Crisis prevention. Then, we can notice that in these objectives, the role that Europe can play in terms of peacekeeping, crisis prevention is totally forgotten in favor of a paler and good-natured notion of "good governance". It is as revealing as the isolation in a small box of the organization chart of crisis management structures.

Lack of responsiveness. Incidentally, we can notice the lack of responsiveness. The events in Tunisia have already started and are almost over. The average viewer knows that President Ben Ali is already gone, that Tunisia is in "accelerated democratic transition". And that we are living the end of a certain era, in the Maghreb at least. Nothing has changed...

A great confusion in the objective of the CFSP. In the end, it is striking to note how great the confusion between foreign policy and trade policy remains. This panoply does not only target areas where there are risks and dangers, challenges and strategic issues. But above all those is the well-understood commercial interest of Europe. As if the former portfolio of Trade Commissioner for Cathy Ashton and Director General of the DG concerned for David O'Sullivan still rubbed off on the priorities of the external service. And as if Europe had in fact abandoned all foreign policy ambitions.

Nicolas Gros Verheyde

Chief editor of the B2 site. Graduated in European law from the University of Paris I Pantheon Sorbonne and listener to the 65th session of the IHEDN (Institut des Hautes Etudes de la Défense Nationale. Journalist since 1989, founded B2 - Bruxelles2 in 2008. EU/NATO correspondent in Brussels for Sud-Ouest (previously West-France and France-Soir).
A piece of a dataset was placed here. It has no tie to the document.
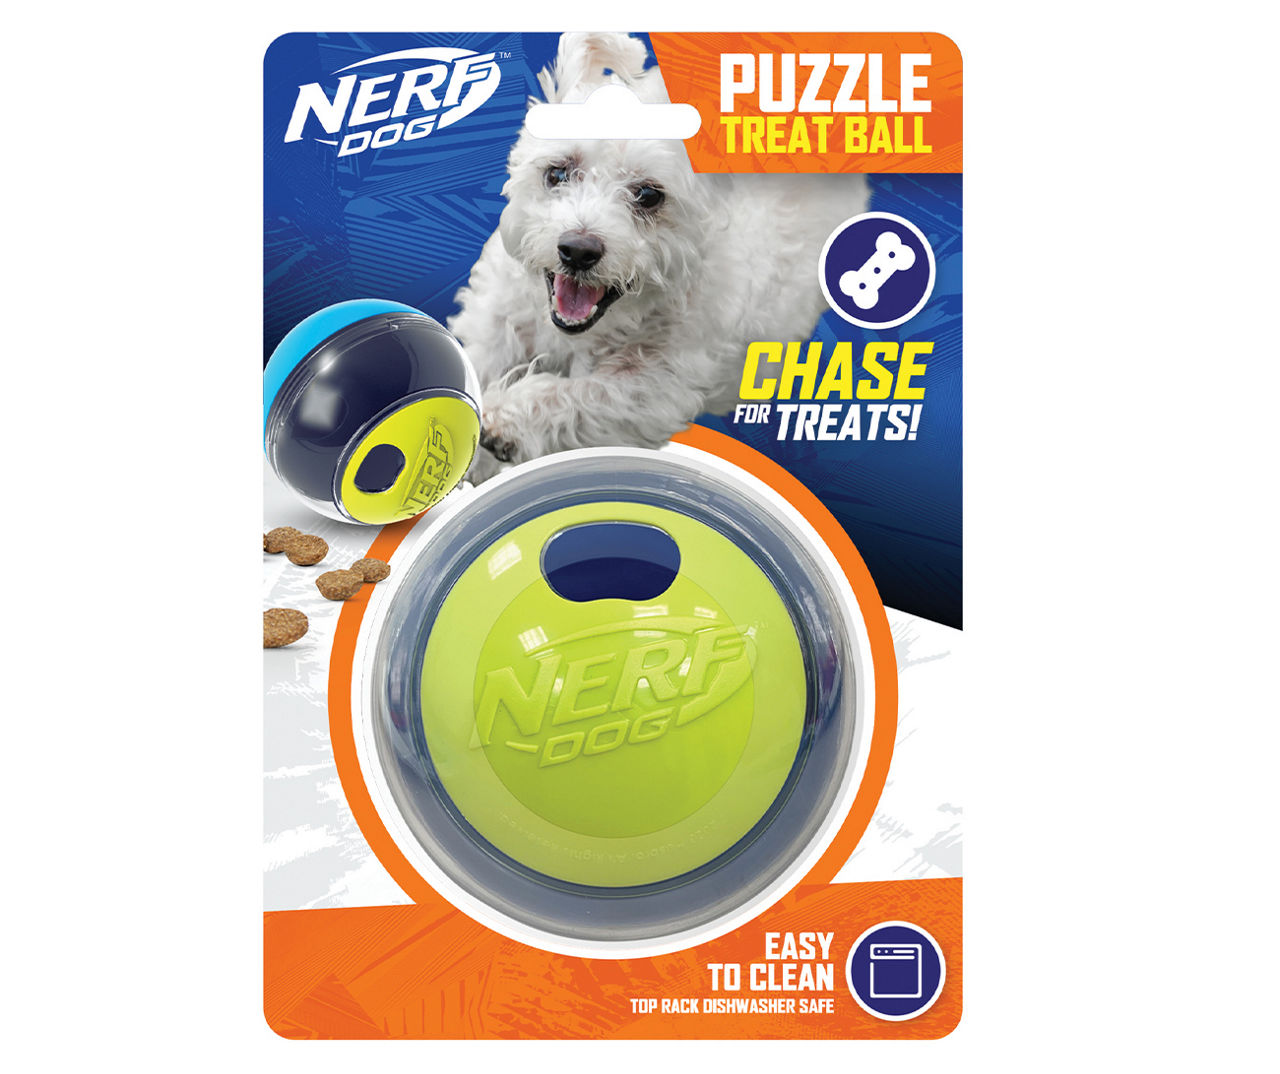 Nerf Dog Puzzle Treat Ball 3.5” Slow Feeder Dog Toy for Small

3 thoughts on “The EU's diplomatic priorities for the “next 12 months” according to Ashton. Exploding"

  • It is indeed hollow, it is not tomorrow that European diplomacy will prevail!

  • Camille Lepinay

    Also surprising that the Balkans are considered in the “neighbourhood” when they are covered by the enlargement policy and not by the ENP. Moreover, Mrs. Ashton walks here on Mr. Fühle's flower bed….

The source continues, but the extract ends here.